Bei der sogenannten Aspergillose handelt es sich um ein Pilzinfektion, die durch den Schimmelpilz Aspergillus verursacht wird, der sehr häufig auftritt und der sowohl innerlich als auch äußerlich auftreten kann. Menschen, die Aspergillus-Sporen unbemerkt einatmen, können sich leicht unwohl fühlen. Allerdings sorgt der Pilz für schlimmere gesundheitliche Probleme und kann zu allergischen Reaktionen, Lungeninfektionen und der Infektion von anderen Organen führen. Doch offenbar sorgt der Pilz nicht nur in Indien für Probleme. Wie die Wissenschaftler des Woon Chong of Albany Medical Center (WCAMC) im Bundesstaat New York herausfanden, sollen auch bei 13,5 Prozent der mit Covid ins Krankenhaus eingelieferten Patienten in New York Infektionen mit dem Pilz aufgetreten sein. Weltweit soll bei mindestens 1.421 Patienten mit Covid-19 auch eine pulmonale Aspergillose festgestellt worden sein.

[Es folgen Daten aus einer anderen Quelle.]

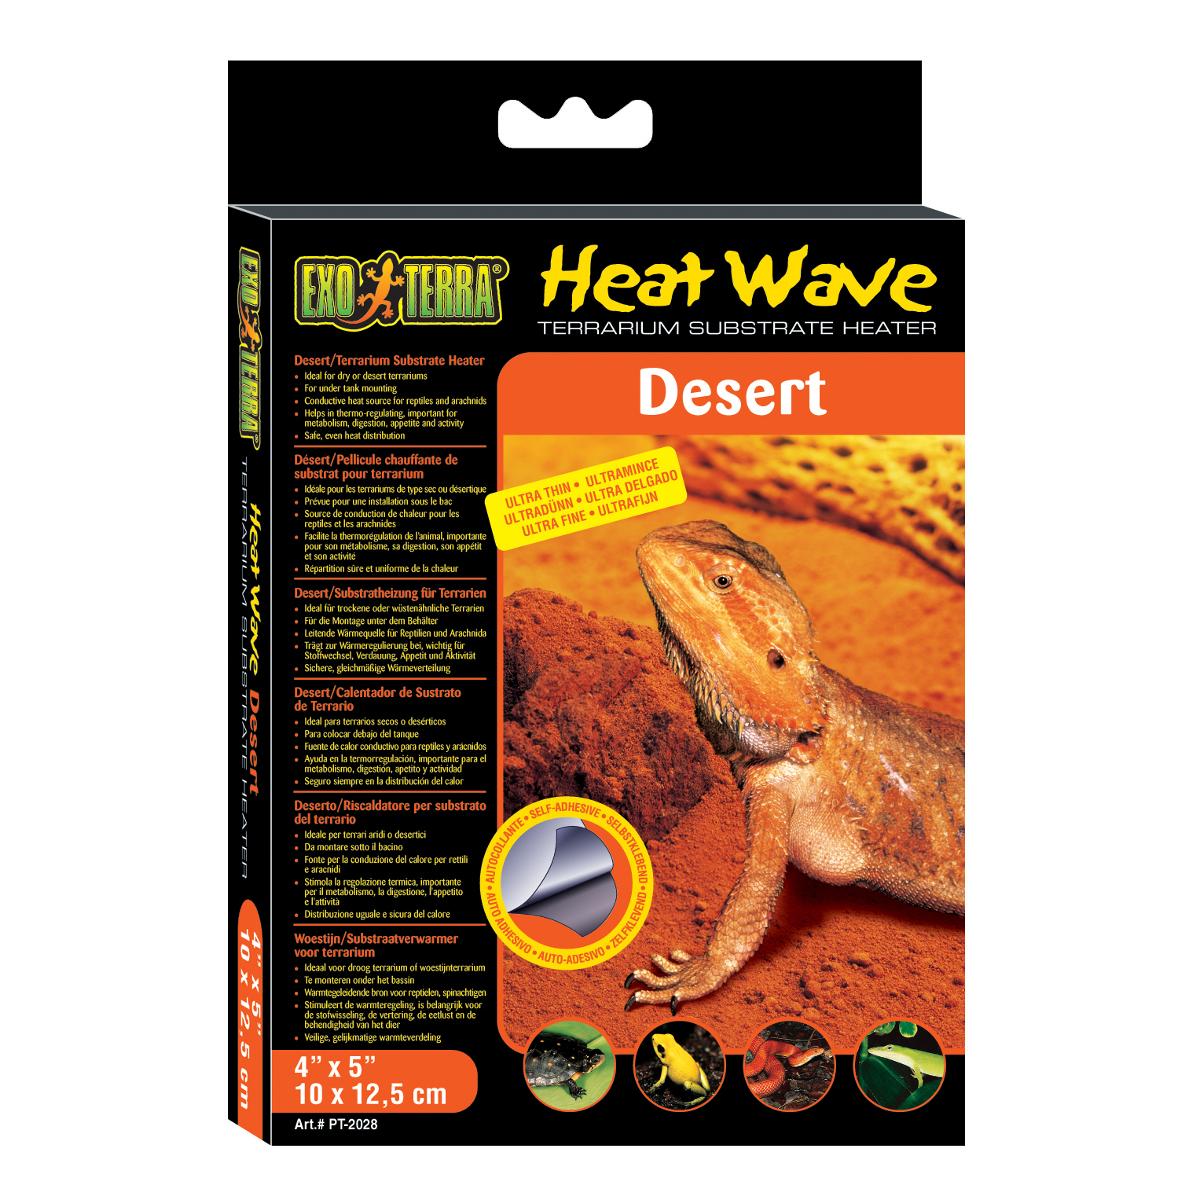 Deska topná EXO TERRA Heat Wave Desert nejmenší 4 W

Mediziner befürchten nun, dass diese heimtückische Erkrankung bei zehntausenden Covid-19-Patienten übersehen worden sein könnte.
Aus diesem Grund sei unklar, wie viele Menschen durch den grünen Pilz ums Leben gekommen sind, da die Erkrankung bei der Diagnose der Ärzte keine Beachtung fand. Die Wissenschaftler haben jedoch herausgefunden, dass das Risiko an einer Infektion durch die Aspergillose zu sterben rund 2,8-mal höher war, als dies bei anderen schwer an Covid erkrankten Patienten der Fall gewesen sei. Experten kommen zu dem Schluss, dass eine Infektion mit diesem Schimmelpilz zu langen Krankenhausaufenthalten führen kann.